There is a lot of talk in Washington these days
about "containment." Foreign policy pundits insist that the U.S. must
contain Iran, whose rise as a political-military power poses a threat to Western
strategic and economic interests in the Persian Gulf region.
At the same time, economic experts maintain that the U.S. should contain its
mounting financial crisis, which first raised its ugly head in the obscure sub-prime
mortgage market and now seems to be having a devastating effect on the entire
economy, and perhaps across the global financial system.
So Washington has been doing a lot of "containing" in both the foreign
policy and economic arenas this year. In the Middle East, the Bush administration
has been trying to reassert U.S. power in the region by:
- Increasing the number of U.S. troops in Iraq to 160,000 while providing
support to the Shi'ite-controlled government and to Sunni forces.
- Isolating Syria and Lebanon's Hezbollah.
- Re-energizing the Israel-Palestine peace process.
- Imposing economic and diplomatic sanctions on Iran.
The result of the grand U.S. strategic designs in the Middle East? The anti-American
and sectarian violence continues in Iraq, and there has been no progress toward
political reconciliation between the Shi'ites and Sunnis in the country.
Pressure from Syria and Hezbollah is preventing the election of a new president
in Lebanon. The peace process is stalled, and Israelis and Palestinians are
continuing to kill each other. And to dramatize the scale of American failures,
Iran's anti-American President Mahmoud Ahmadinejad has been received on a red
carpet in Baghdad, while Saudi Arabia and Egypt have been strengthening ties
with Iran, getting closer to Syria, and negotiating with Hamas.
On the economic front, the Federal Reserve has been leading the way, and the
administration and Congress have been protecting the rear. They are slashing
interest rates again and again and again. They are promoting new plans to stimulate
the economy and assist those who are finding it more and more difficult to finance
their mortgages, make payments on their credit cards, and even fill their car's
And then there have been several "creative" efforts by the Fed to
provide new sources of liquidity for troubled American banks.
But coming up with new fiscal rescue plans by the federal government
paid by the same American taxpayer who is enduring the current economic pains
and printing more and more money do not seem to provide the needed "containment."
Instead, they are igniting inflationary pressures and putting more downward
pressure on the U.S. dollar, whose value has been declining as investors have
been pulling money out of the U.S.
And there are no signs that the banks and the other financial institutions
are ready to provide new credit to business and consumers. If anything, they
seem to be in panic.
Indeed, if the visit by President Ahmadinejad to Iraq made it clear that America
is failing to secure its position in the Middle East, last week's emergency
rescue of Bear Stearns, one of Wall Street's respected financial institutions,
by J.P. Morgan and the Federal Reserve demonstrated that the credit crisis is
spreading to the broader economy and could threaten the U.S. financial system.

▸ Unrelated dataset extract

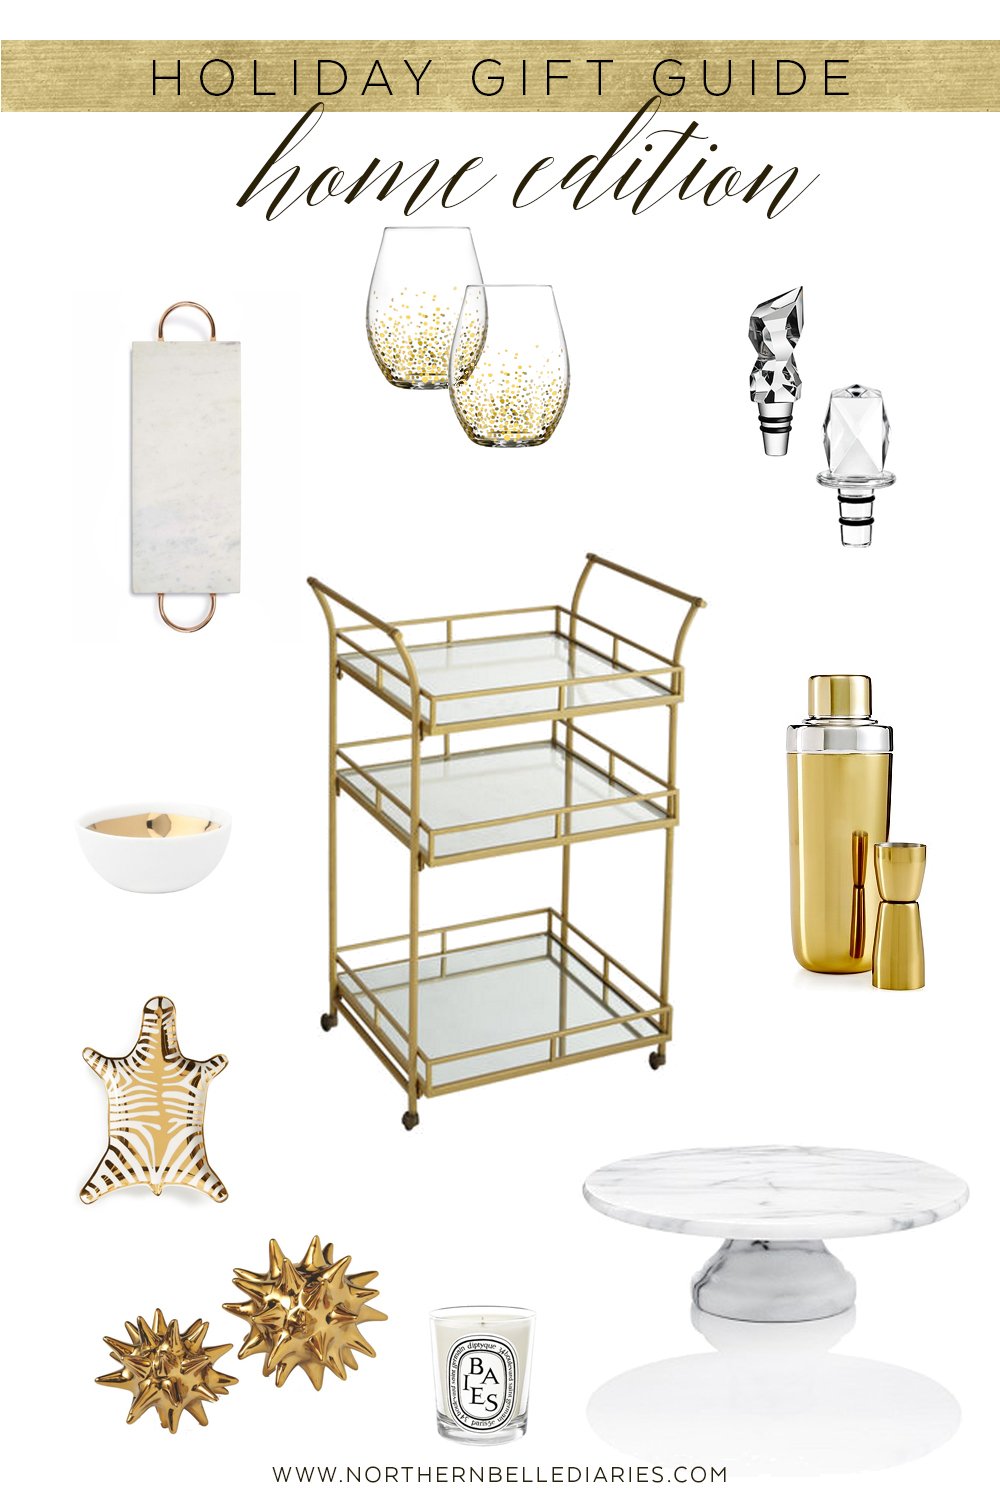 Gift Guide: Home Edition. The perfect gifts for the hostess, mom, or any special woman on your Christmas list.

Last Friday, Bear Stearns' stock was worth $30 a share. By Monday, rival bank
J.P. Morgan Chase reached a deal to buy the troubled firm for $236 million,
or just $2 a share.
And there is a point the Arab oil fields in which America's strategic
woes in the Middle East are intersecting with its growing economic problems.
Hence the humiliating images of President George W. Bush and now Vice
President Dick Cheney, who is in the Middle East pleading with the Arab
oil sheiks to please try to keep those energy prices down.

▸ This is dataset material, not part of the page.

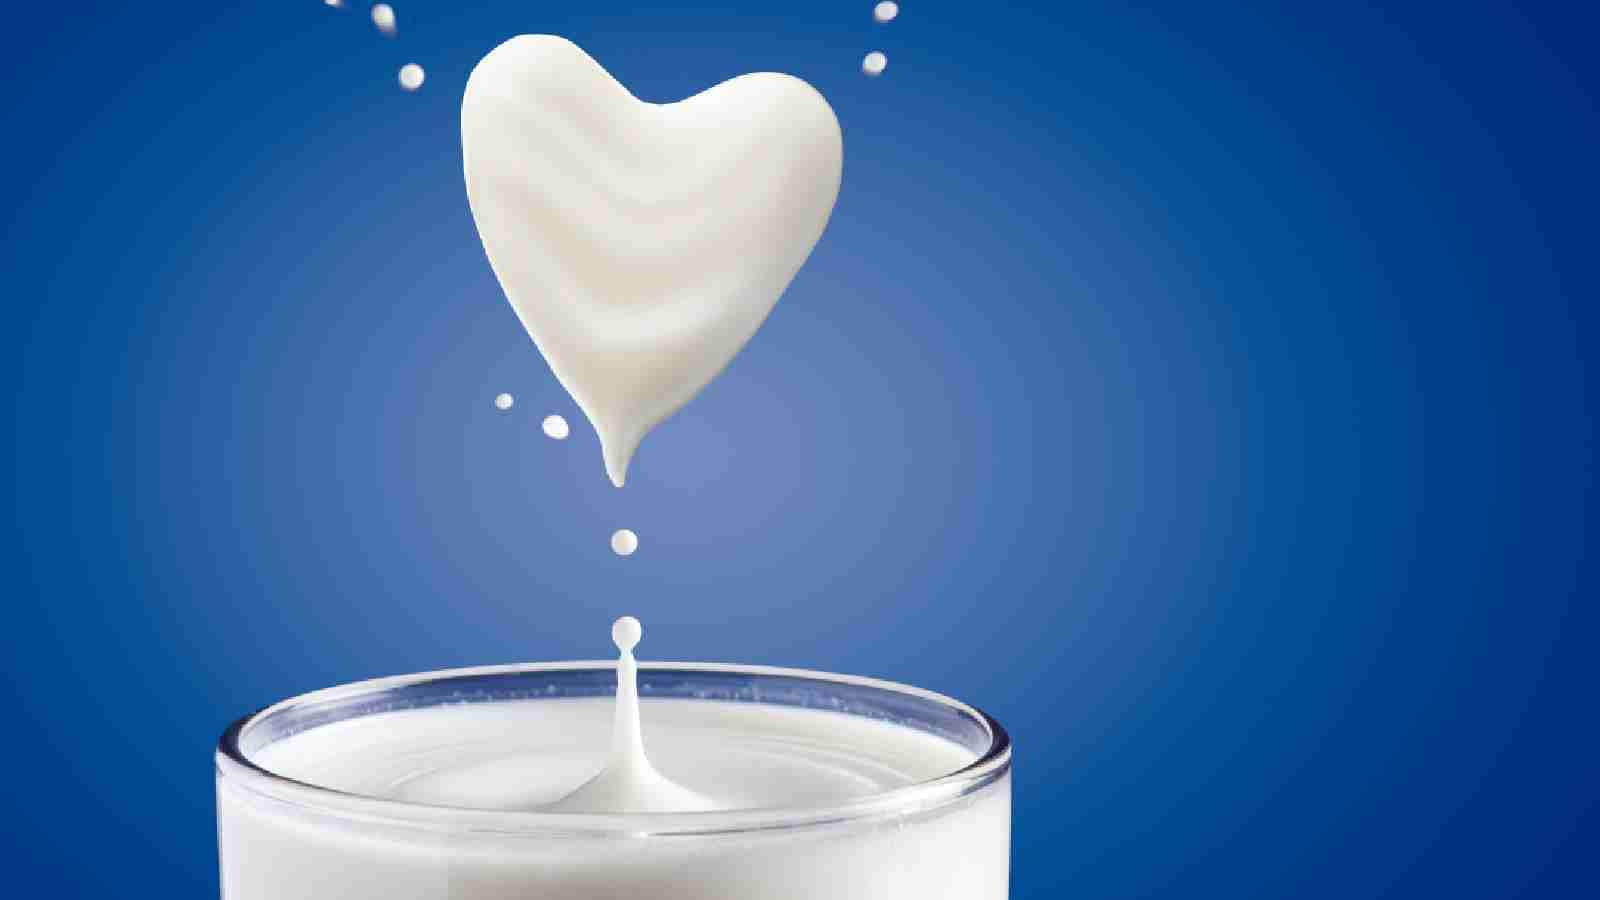 Calcium and heart health: How are they linked?

But the oil producers in the Middle East whose economies are suffering
from inflation because of the weak U.S. dollar to which their currencies are
tied while their sovereign wealth funds have been keeping alive several distressed
U.S. financial institutions are reminding their American guests that
the resurgence of Iran is the direct result of the U.S. ousting of Saddam Hussein
in Iraq. And its current economic problems are the outcome of the mismanagement
of U.S. monetary and fiscal policies.
This reality also reveals the constraints operating on the dual American containment
policies in the Middle East and the financial markets. Officials in Washington
are aware that the threat of using American military force against Iran is not
credible under the current tight economic conditions, in particular, rising
energy prices. But the continuing costly U.S. military intervention in the Middle
East also makes it difficult to put America's economic house in order.
It is clear therefore that the next U.S. president will have to find a way
to go beyond military surges and economic bailouts, which tend to be both expansive
and futile, and readjust U.S. global strategy and economic policies in accordance
with the changing realities of American power.